He also said that recognition systems are error-prone.

O'Mara also focused on having Doddington discuss the difference between speech recognition technology-- meaning what's said-- and speaker recognition-- meaning who says it.

Doddington said doing speaker recognition on one second of good speech is "absurd" and that speech over the phone degrades the performance, implying the short, isolated screams on the 911 call are too brief and degraded quality for proper evaluation.

The technique of looping a one second scream for 10 seconds, Doddington says, is a "violation of common sense." In addition, he called trying to identify the screams as a "fool's mission," saying in order to test screams, you would have to subject people to "unethical amounts of stress."

The state quickly questioned Doddington, who says he likes disagreements in his field and calls them "the sign of progress."

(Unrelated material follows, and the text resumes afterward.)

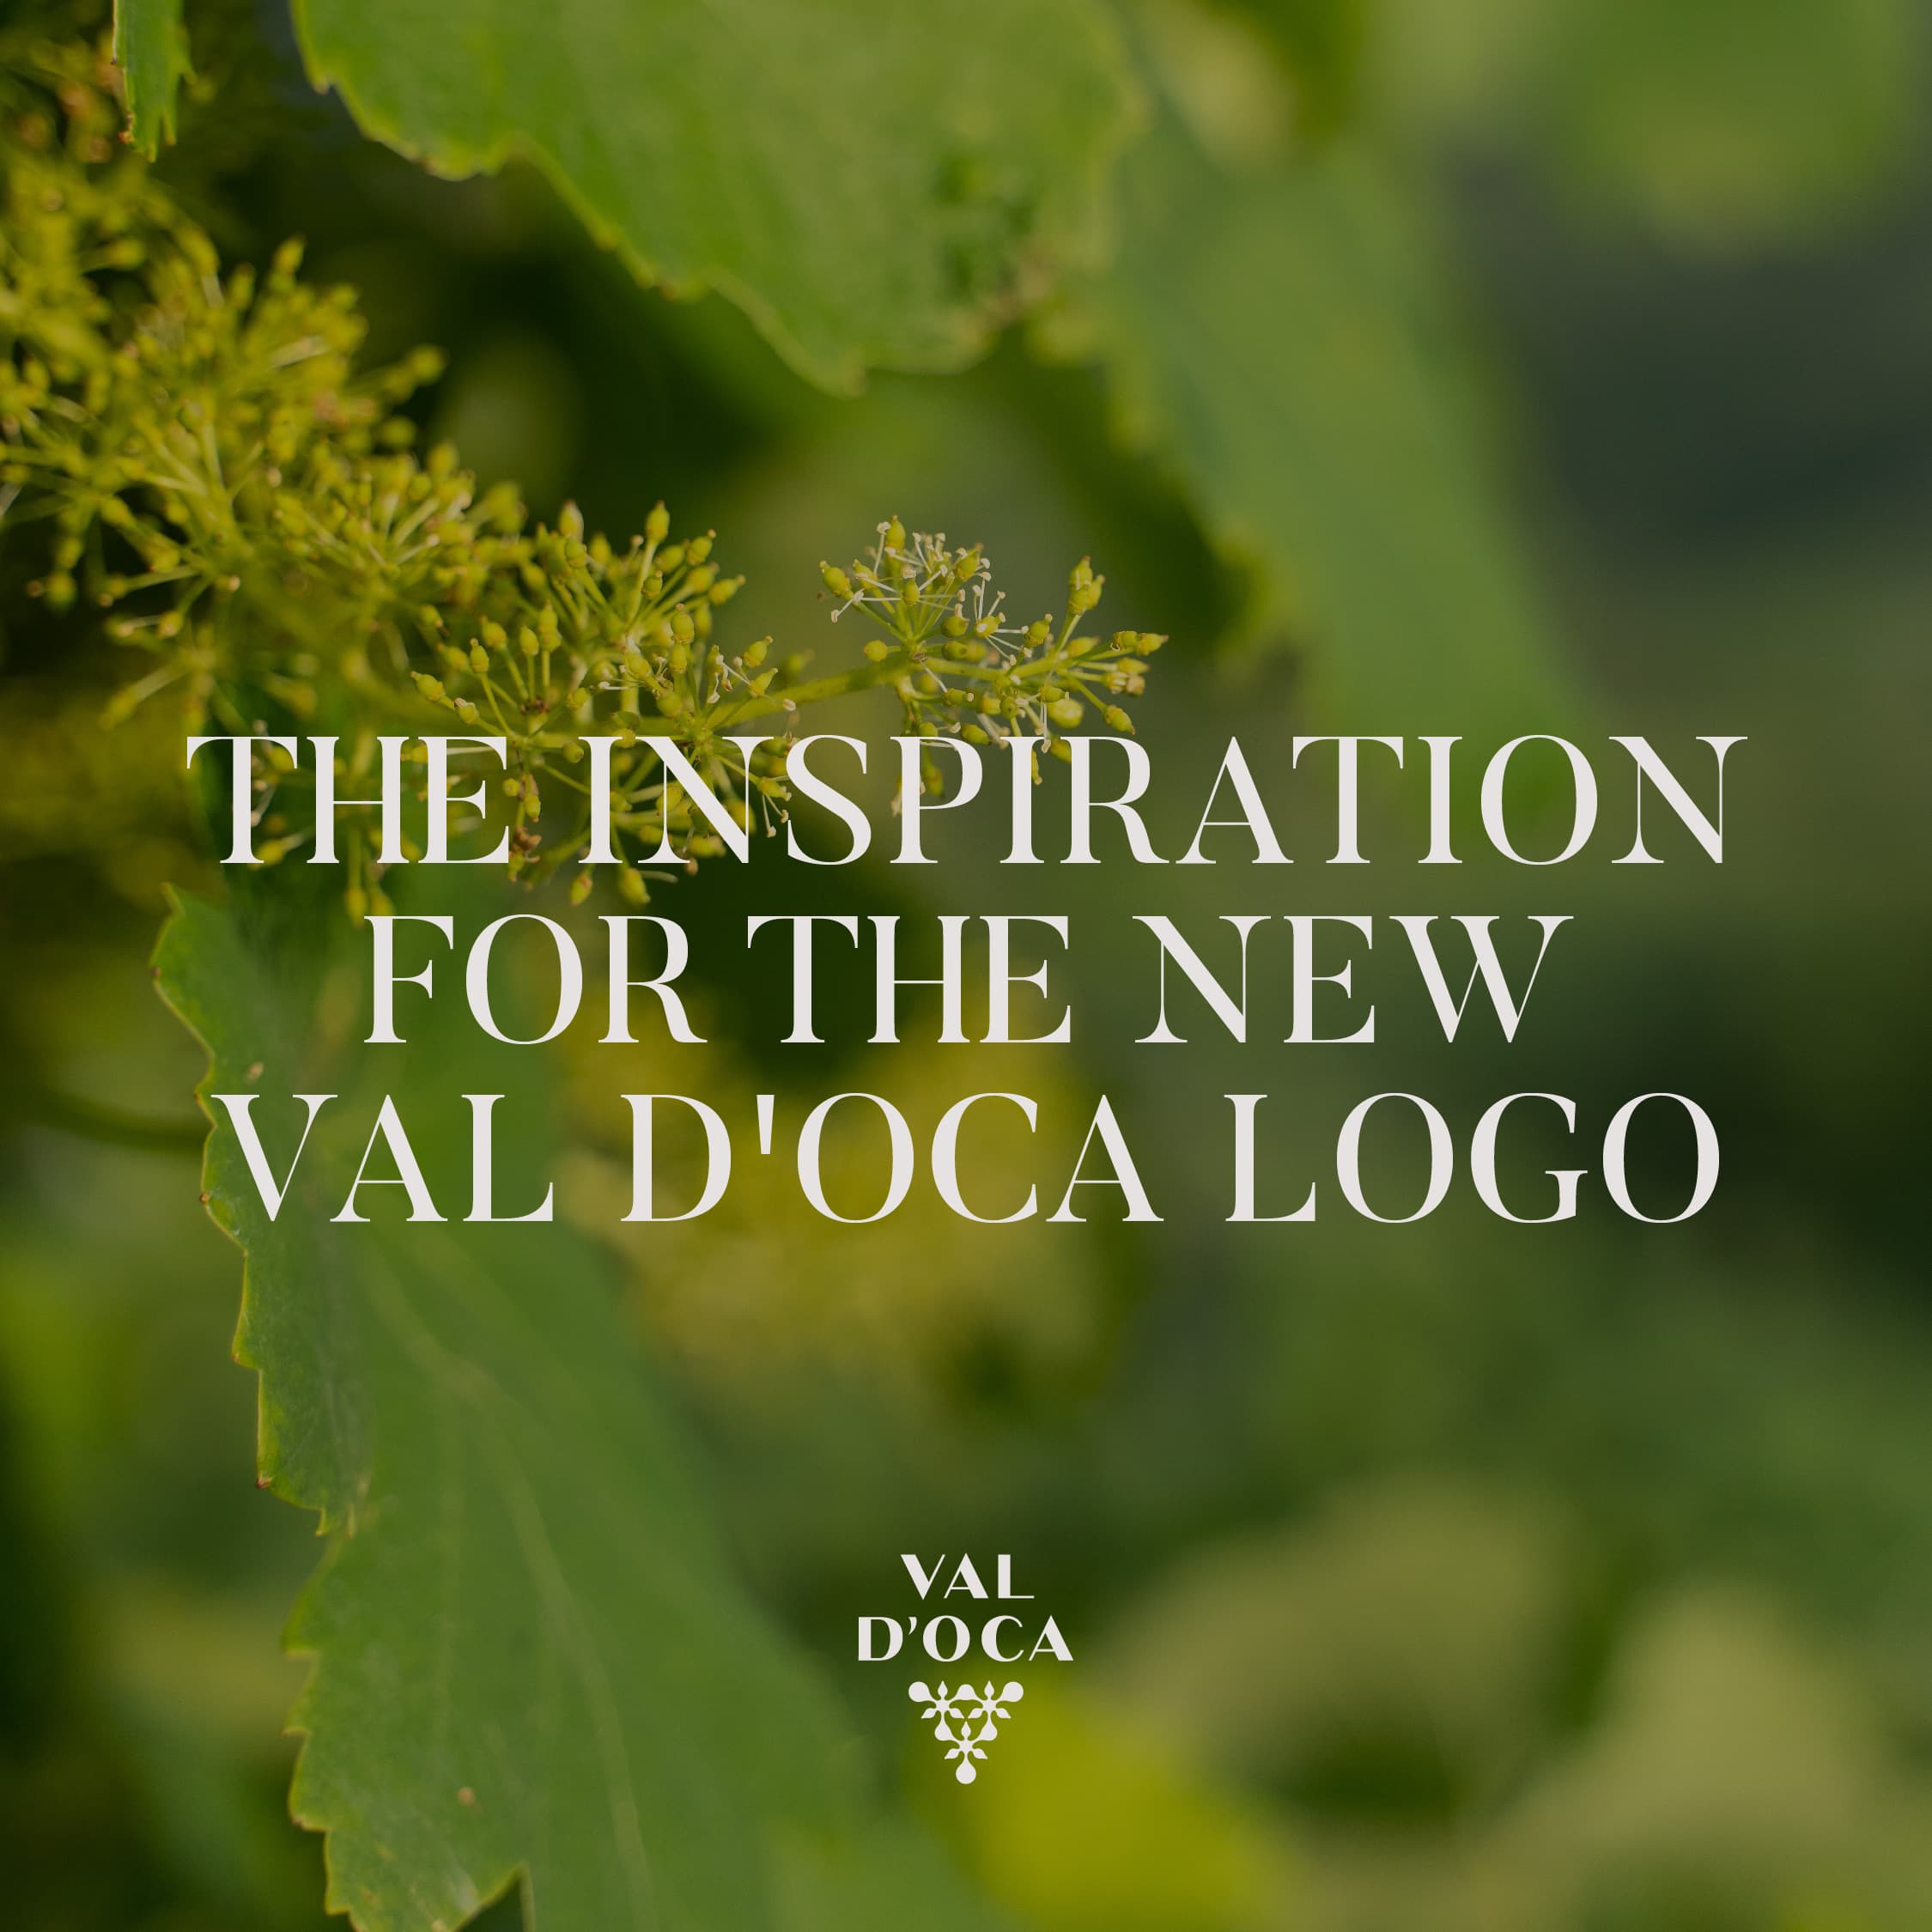 The inspiration for the new Val d'Oca logo

When asked why Doddington listened to the tapes when he doesn't evaluate  forensic samples, he replied, "what got me to listen to the tapes is Dr. Reich's findings. It sounded absurd and it was."

Doddington then told O'Mara that it was "not possible" to identify the audio.

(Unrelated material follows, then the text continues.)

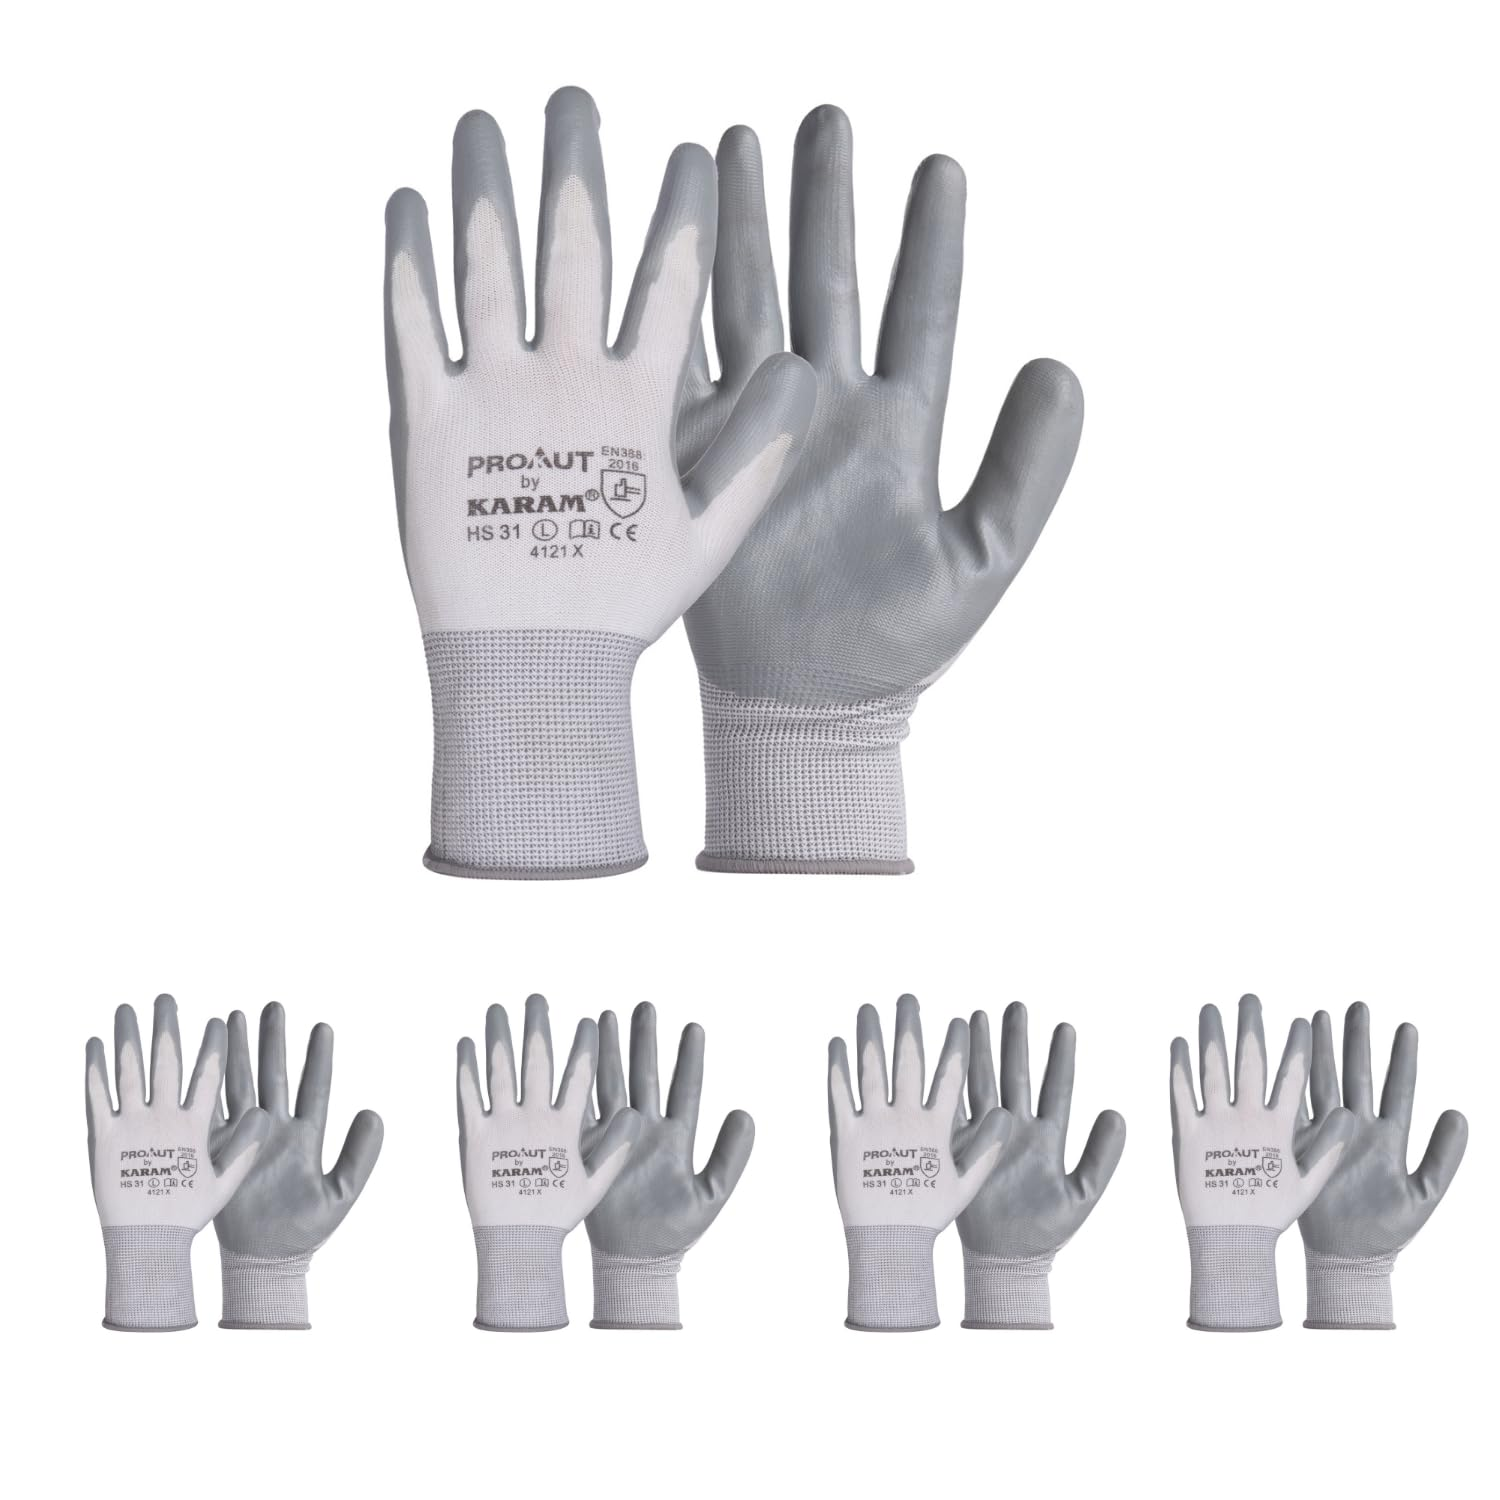 /storage/photos/1/karam new product/Karam Safety gloves HS 31 4.png

The experts the defense is questioning are Tom Owen, the expert who excluded Zimmerman as the source of the screams in the 911 calls, and Dr. Alan Reich, the expert who said he hears Trayvon Martin saying "I'm begging you" in the background of the 911 calls.

"The words at the screaming level were almost entirely those of Trayvon Martin," Reich said on Friday when asked about his analysis of the 911 call from a witness the night of the shooting.

French said that he was "disturbed" by Reich's methodologies he testified to.

Owen said on Friday he used Zimmerman's voice from his reenactment video to try to match the screams on the 911 call, raising Zimmerman's voice in the reenactment video and looping the 911 call clip with the screams in order to make a long enough sample to analyze.

French opposed to Owen's methodology, saying it was," not acceptable in the wider scientific community."

Both Owen and Reich testified on Friday at the Frye hearing, as West challenged their methodologies, findings and qualifications as audio experts.

The screams are crucial pieces of evidence since they could determine who the aggressor was in the confrontation.

The defense could also ask Nelson on Saturday to bar prosecutors from using certain words during the trial, believing words such as "profiling," or "vigilante," or even "wannabe cop," to describe Zimmerman would create an emotional response in the jury.

Nelson did rule on Friday that Zimmerman's 6 p.m. curfew could be extended until 10 p.m. at the end of Friday's hearing, but said he is still not allowed to travel out of Seminole County except to his attorney's office. The state had objected to the motion, given prior issues with bond.

Zimmerman is charged with second-degree murder for fatally shooting 17-year-old Trayvon Martin during a struggle in a gated community where he lived. He is pleading not guilty, claiming self-defense.

Martin's family claim the cries came from the teen while Zimmerman's father has testified they were those of his son.